■ **How to complete this task**:
Only the lines holding "Shirts" are wanted; find them in the listing and return each one.
=-=-=
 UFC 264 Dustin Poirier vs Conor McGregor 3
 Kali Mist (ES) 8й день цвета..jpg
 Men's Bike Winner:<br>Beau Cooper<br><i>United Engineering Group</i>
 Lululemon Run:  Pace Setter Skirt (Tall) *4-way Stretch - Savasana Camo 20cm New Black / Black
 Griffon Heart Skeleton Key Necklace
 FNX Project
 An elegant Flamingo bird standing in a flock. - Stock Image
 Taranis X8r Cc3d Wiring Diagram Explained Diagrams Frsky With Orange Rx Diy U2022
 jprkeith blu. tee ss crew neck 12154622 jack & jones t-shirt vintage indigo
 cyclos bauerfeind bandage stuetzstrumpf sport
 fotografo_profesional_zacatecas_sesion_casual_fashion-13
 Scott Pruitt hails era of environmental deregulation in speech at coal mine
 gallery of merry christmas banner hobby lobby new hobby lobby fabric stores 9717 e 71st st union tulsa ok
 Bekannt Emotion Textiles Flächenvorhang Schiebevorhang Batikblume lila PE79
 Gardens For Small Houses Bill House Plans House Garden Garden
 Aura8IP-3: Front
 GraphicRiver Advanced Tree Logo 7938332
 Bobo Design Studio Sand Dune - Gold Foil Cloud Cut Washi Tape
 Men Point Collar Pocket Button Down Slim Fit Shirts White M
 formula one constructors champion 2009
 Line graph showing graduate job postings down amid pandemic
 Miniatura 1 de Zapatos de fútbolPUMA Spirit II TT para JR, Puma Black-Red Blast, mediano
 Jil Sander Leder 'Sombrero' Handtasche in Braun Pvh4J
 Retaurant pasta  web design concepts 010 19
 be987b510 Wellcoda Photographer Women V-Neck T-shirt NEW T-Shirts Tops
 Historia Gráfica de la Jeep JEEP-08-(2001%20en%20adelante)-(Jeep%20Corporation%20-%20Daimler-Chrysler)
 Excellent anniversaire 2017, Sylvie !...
=-=-=
■ **Response to the exercise**:
 Men Point Collar Pocket Button Down Slim Fit Shirts White M
 be987b510 Wellcoda Photographer Women V-Neck T-shirt NEW T-Shirts Tops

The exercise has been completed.